Available data:

____________

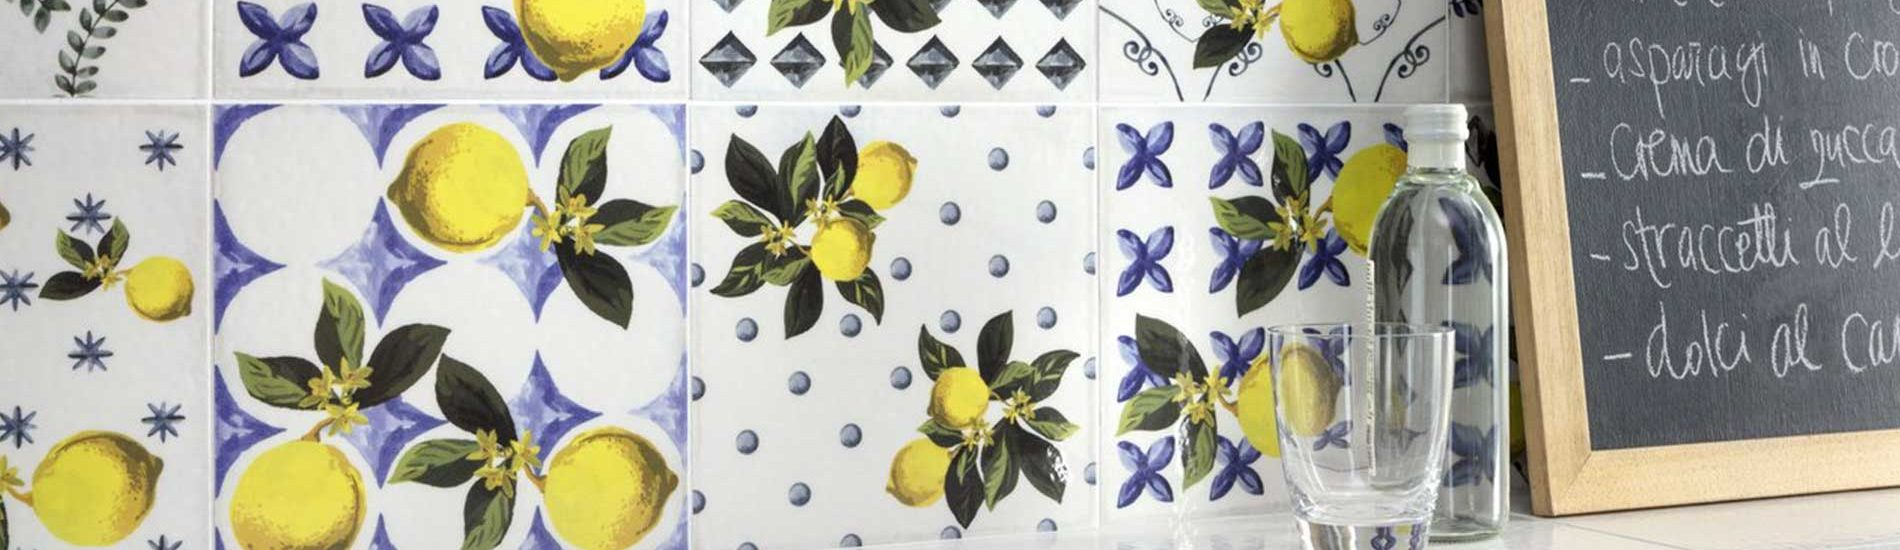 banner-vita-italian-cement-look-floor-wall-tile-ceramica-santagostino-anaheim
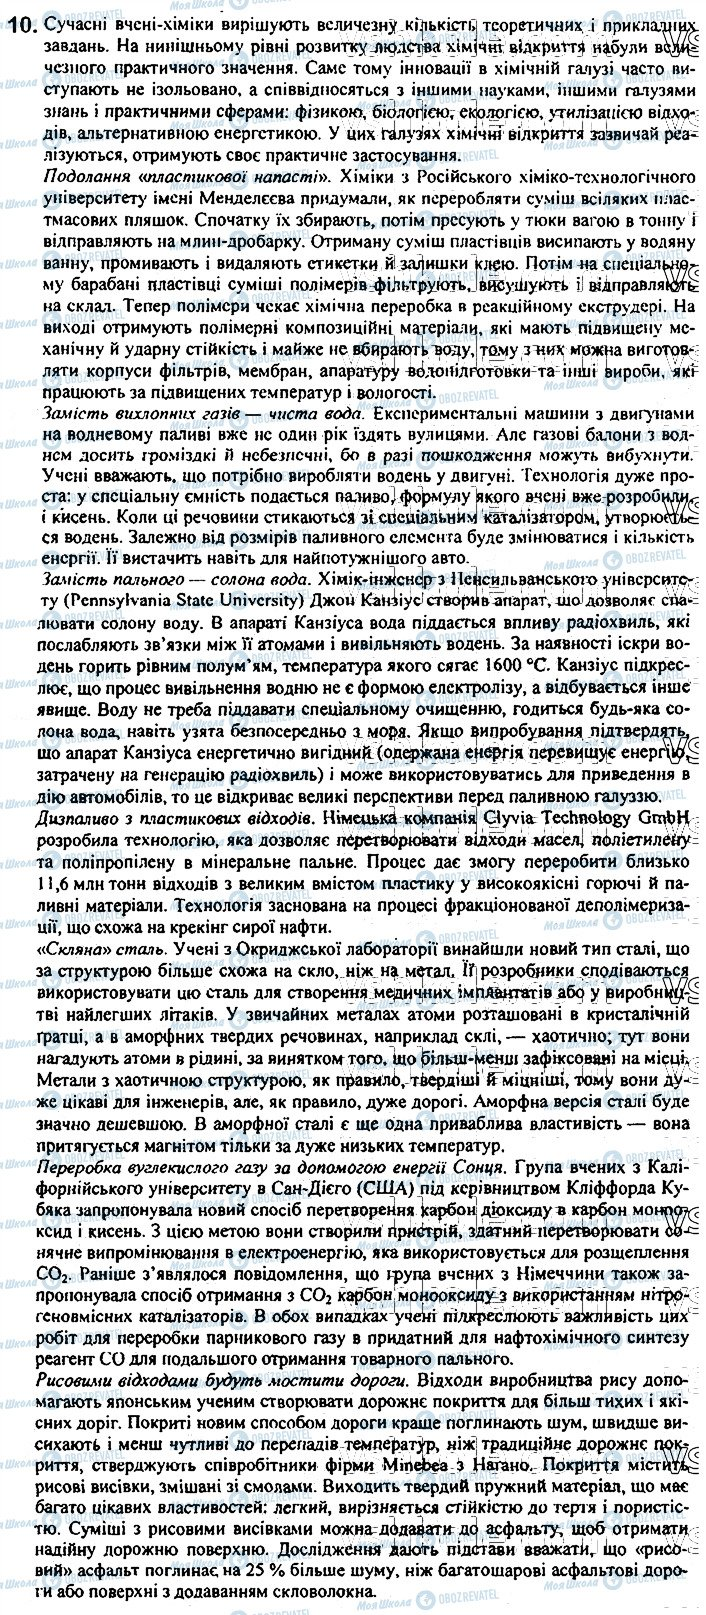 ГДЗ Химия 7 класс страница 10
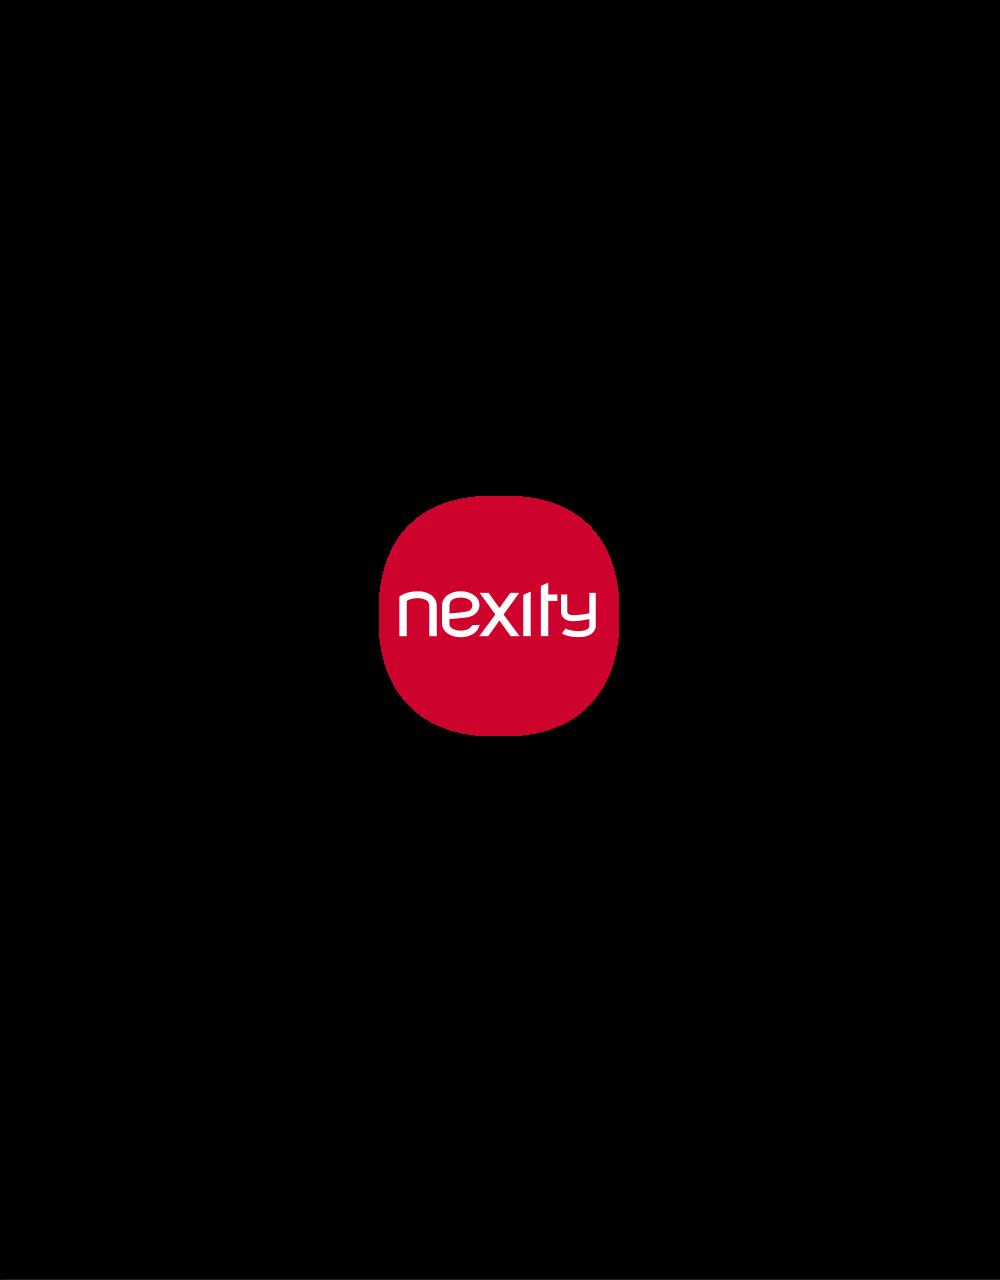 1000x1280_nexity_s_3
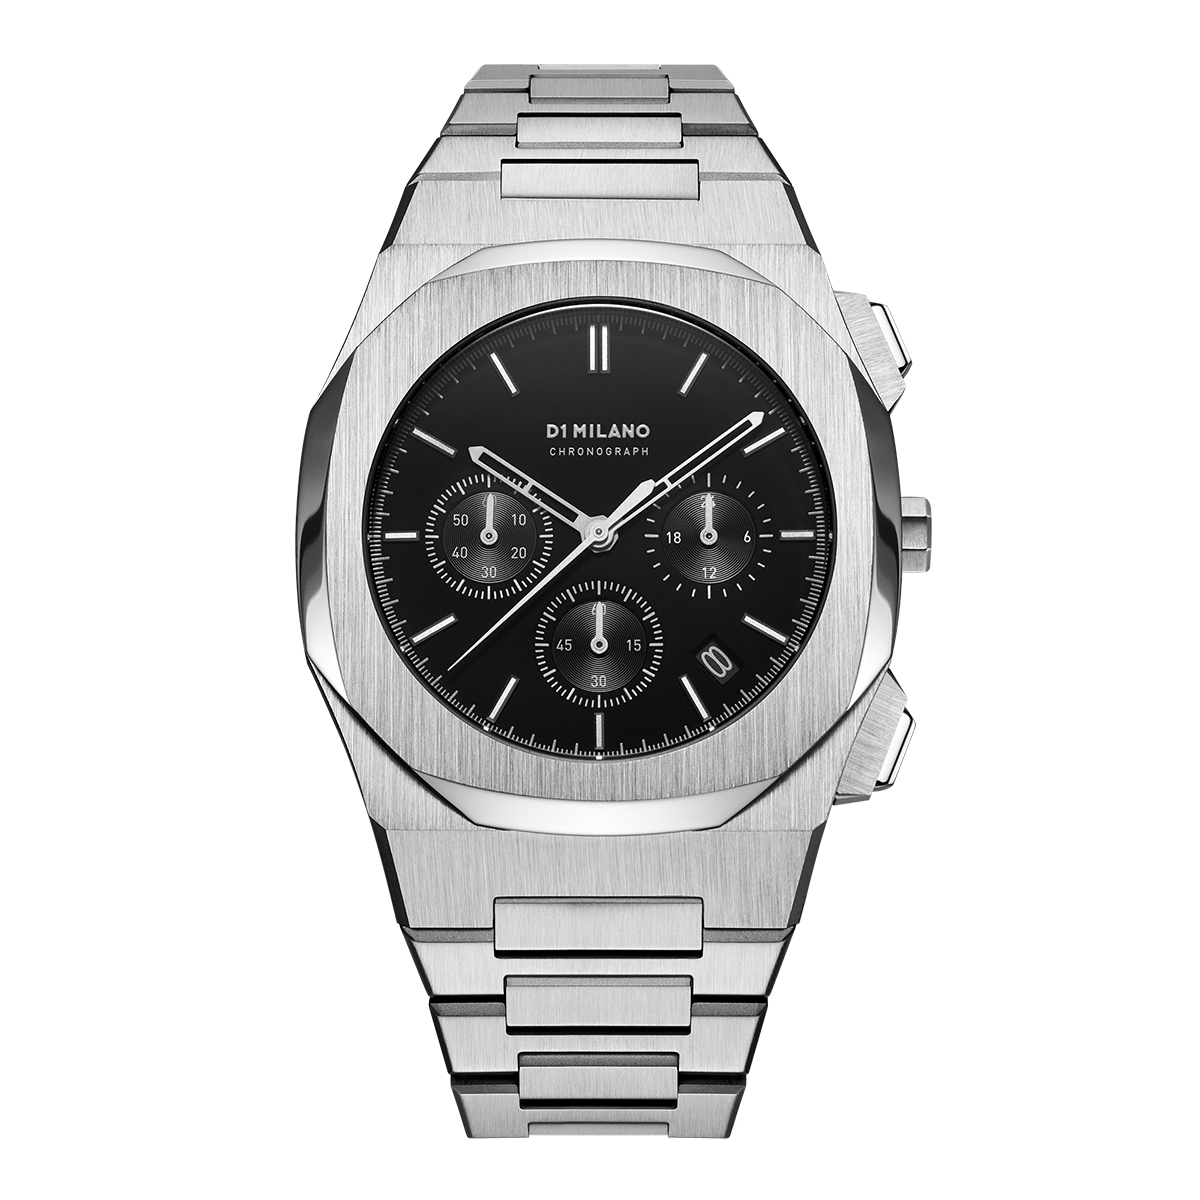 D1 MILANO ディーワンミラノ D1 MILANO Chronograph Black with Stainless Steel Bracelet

____________

What the task asks:
With the images removed, write out all of the material above exactly.

Exercise output:
 banner-vita-italian-cement-look-floor-wall-tile-ceramica-santagostino-anaheim
 ГДЗ Химия 7 класс страница 10
 1000x1280_nexity_s_3
 D1 MILANO ディーワンミラノ D1 MILANO Chronograph Black with Stainless Steel Bracelet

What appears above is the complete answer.